The interactions between TRPA1 and IL1R1 in nodose ganglia cultures were detected by PLA with Duolink in situ kit (Sigma-Aldrich). Primary nodose ganglion cells were harvested and cultured on glass coverslips as described above. The cells were fixed with 4% paraformaldehyde/PBS for 15 min, washed with PBS, permeabilized with 0.2% Triton X-100 for 15 min, blocked with Duolink blocking solution for 60 min at 37 °C, and then incubated in primary antibodies diluted in Duolink antibody diluent overnight at 4 °C. Primary antibodies were rabbit anti-TRPA1 (polyclonal, 1:500; Millipore, Temecula, CA) and goat anti-IL1R1 (polyclonal, 1:40; R&D Systems). After incubation with primary antibodies, cells were washed and then incubated for 60 min at 37 °C in Duolink anti-goat PLUS and anti-rabbit MINUS PLA probe solutions. The coverslips were then washed and incubated with the ligation solution for 30 min at 37 °C. After ligation, the cells were washed and incubated with amplification solution for 100 min at 37 °C. After washing, cells were mounted using Duolink mounting medium with DAPI. Labeled cells were visualized and imaged using a confocal microscope (Zeiss LSM 880). The resulting positive signals were recognized as discrete fluorescent spots. Each spot represents one interaction event. All specimens were imaged under identical conditions and analyzed using identical parameters.

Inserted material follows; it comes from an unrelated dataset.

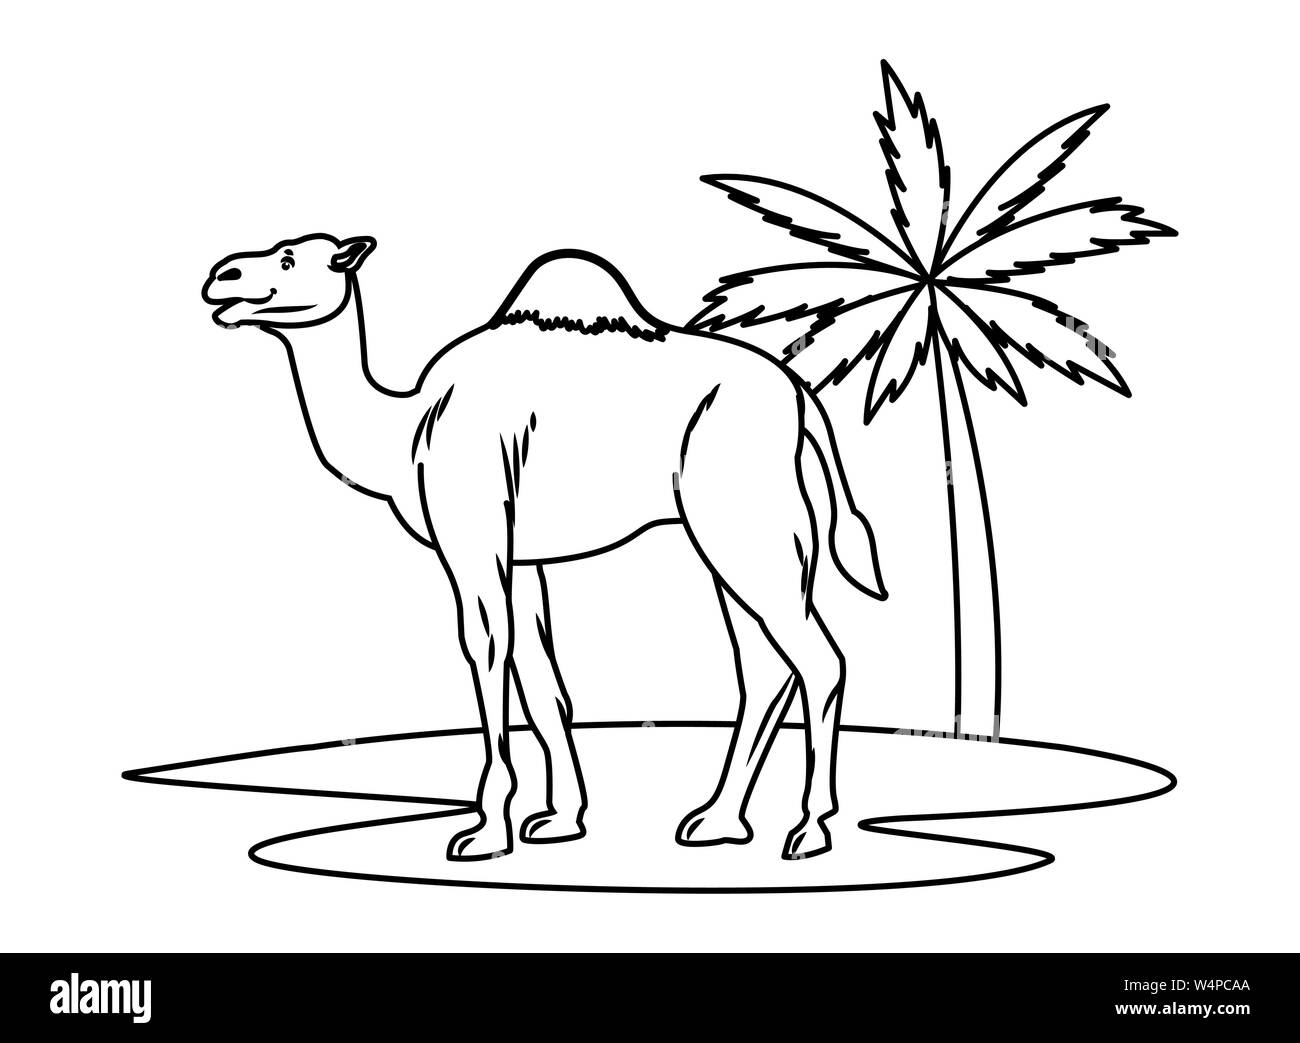 Drawn Camels Easy - Easy Cartoon Step By Step Camel Transparent PNG -  640x480 - Free Download on NicePNG

Cecal ligation and puncture

A standardized model of cecal ligation and puncture (CLP)-induced sublethal polymicrobial sepsis was used as previously described (Yang et al. 2015). Mice were anesthetized using ketamine (100 mg/kg, i.p.) and xylazine (8 mg/kg, i.p.). The cecum was isolated and ligated below the ileocecal valve and then punctured with a 22-gauge needle. Approximately 2 mm of stool was then extruded, with the cecum returned to the abdominal cavity. The abdomen was closed with surgical clips. An antibiotic, Primaxin (Imipenem–Cilastatin, 0.5 mg/kg, subcutaneously, in a total volume of 0.5 mL/mouse) was administered immediately after CLP as part of the resuscitation fluid. Mice were monitored for survival and sepsis-associated clinical signs. Disease severity was scoring done on days 0, 3, 4, 5, and 6 post-CLP using the murine sepsis score (MSS) (Shrum et al. 2014).

Statistical analysis

All statistical tests were performed with GraphPad Prism 9 software (GraphPad, La Jolla, CA). Values are presented as individual samples and or mean ± SEM. Statistical analysis of mean differences between groups was performed using two-way ANOVA, paired t-test, Student’s t-test, Welch’s t-test, Mann–Whitney U-test, and mixed effects analysis with multiple comparisons as indicated in respective results. For all analyses, P ≤ 0.05 was considered statistically significant.